TASK INSTRUCTIONS: Give a verbatim copy of the lines below, minus the pictures.

SUPPLIED MATERIAL:
BEGIN
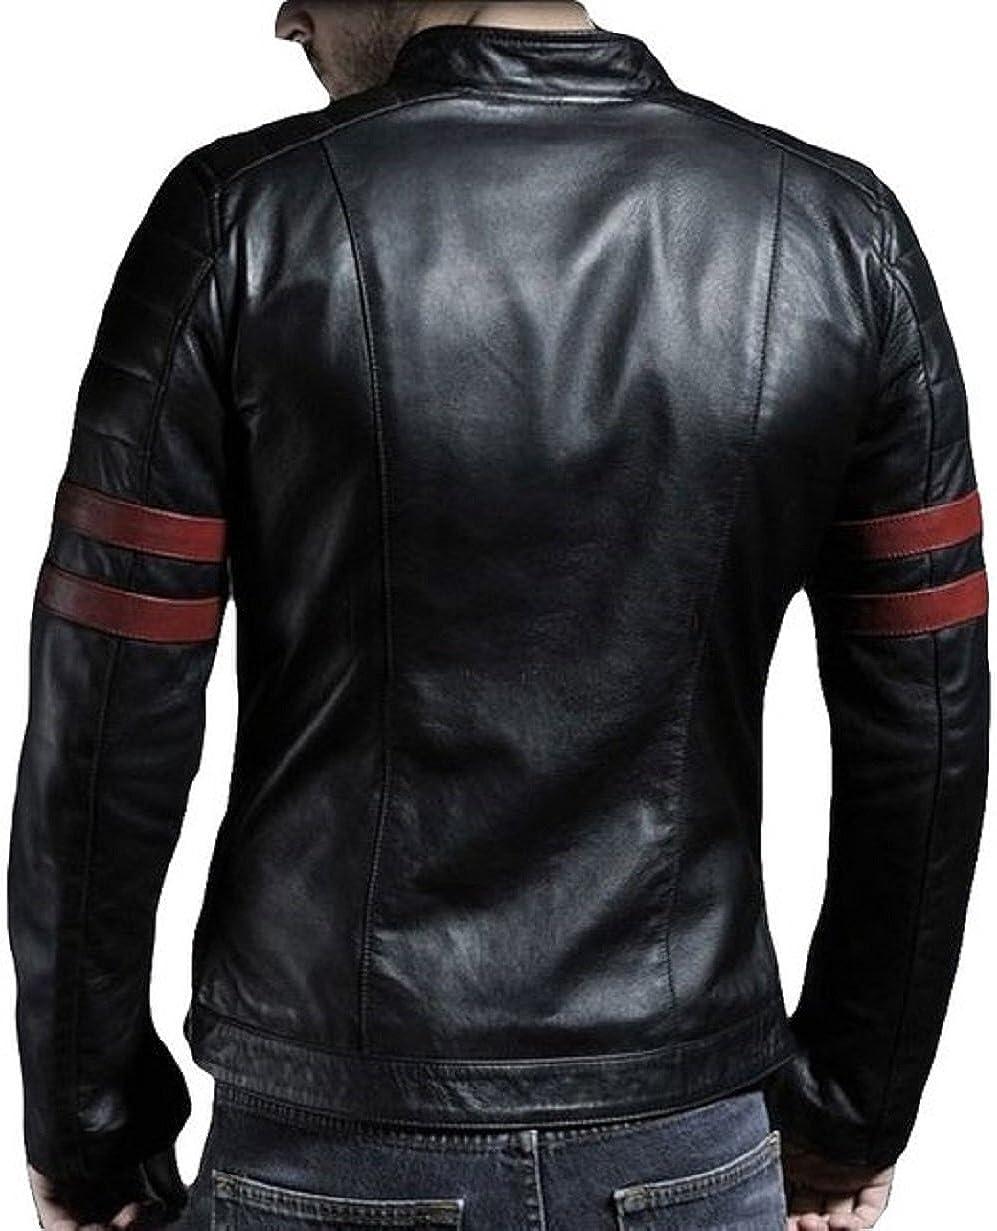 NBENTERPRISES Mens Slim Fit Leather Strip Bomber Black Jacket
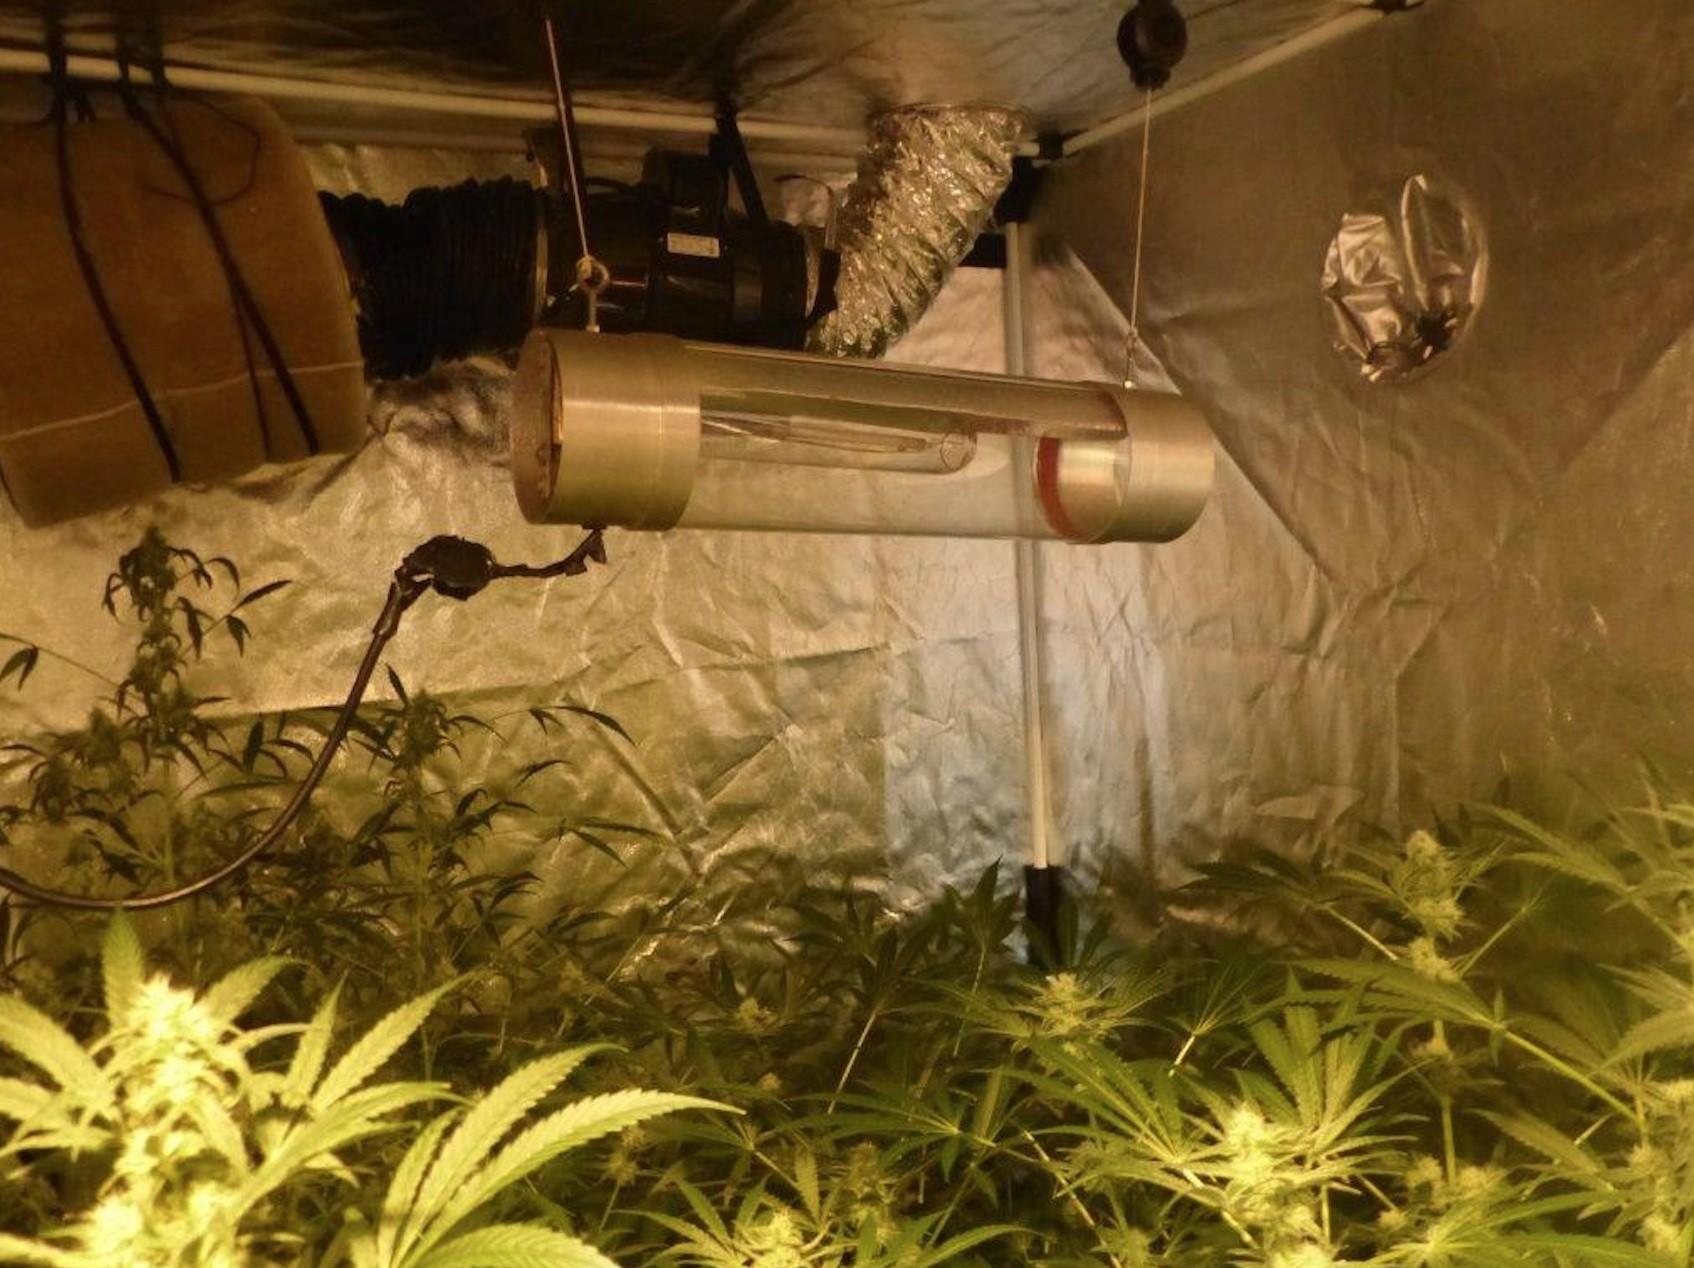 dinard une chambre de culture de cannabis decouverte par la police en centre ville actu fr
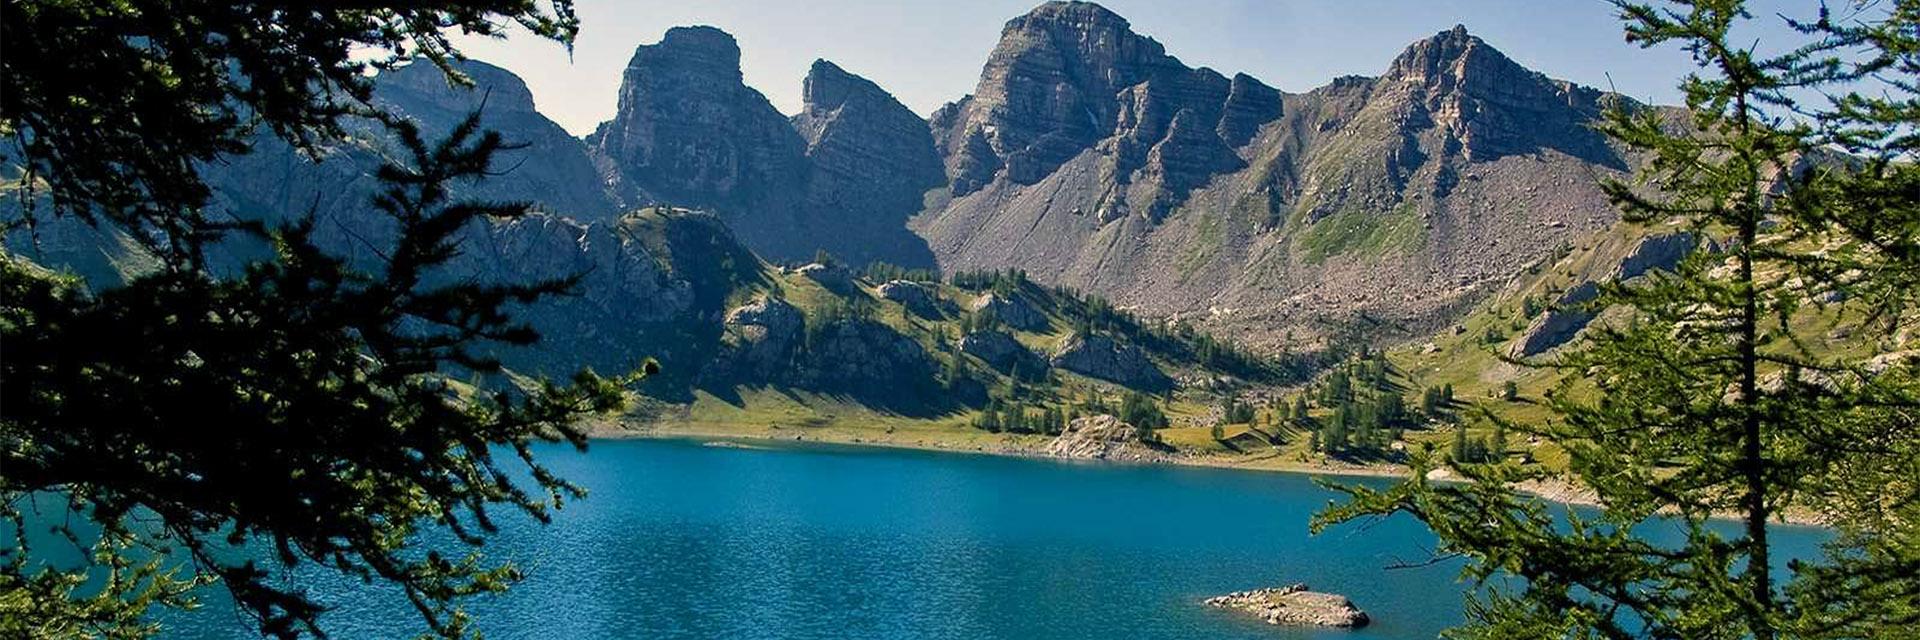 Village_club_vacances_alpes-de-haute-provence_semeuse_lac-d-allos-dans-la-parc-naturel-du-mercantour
END
EXERCISE ANSWER:
 NBENTERPRISES Mens Slim Fit Leather Strip Bomber Black Jacket
 dinard une chambre de culture de cannabis decouverte par la police en centre ville actu fr
 Village_club_vacances_alpes-de-haute-provence_semeuse_lac-d-allos-dans-la-parc-naturel-du-mercantour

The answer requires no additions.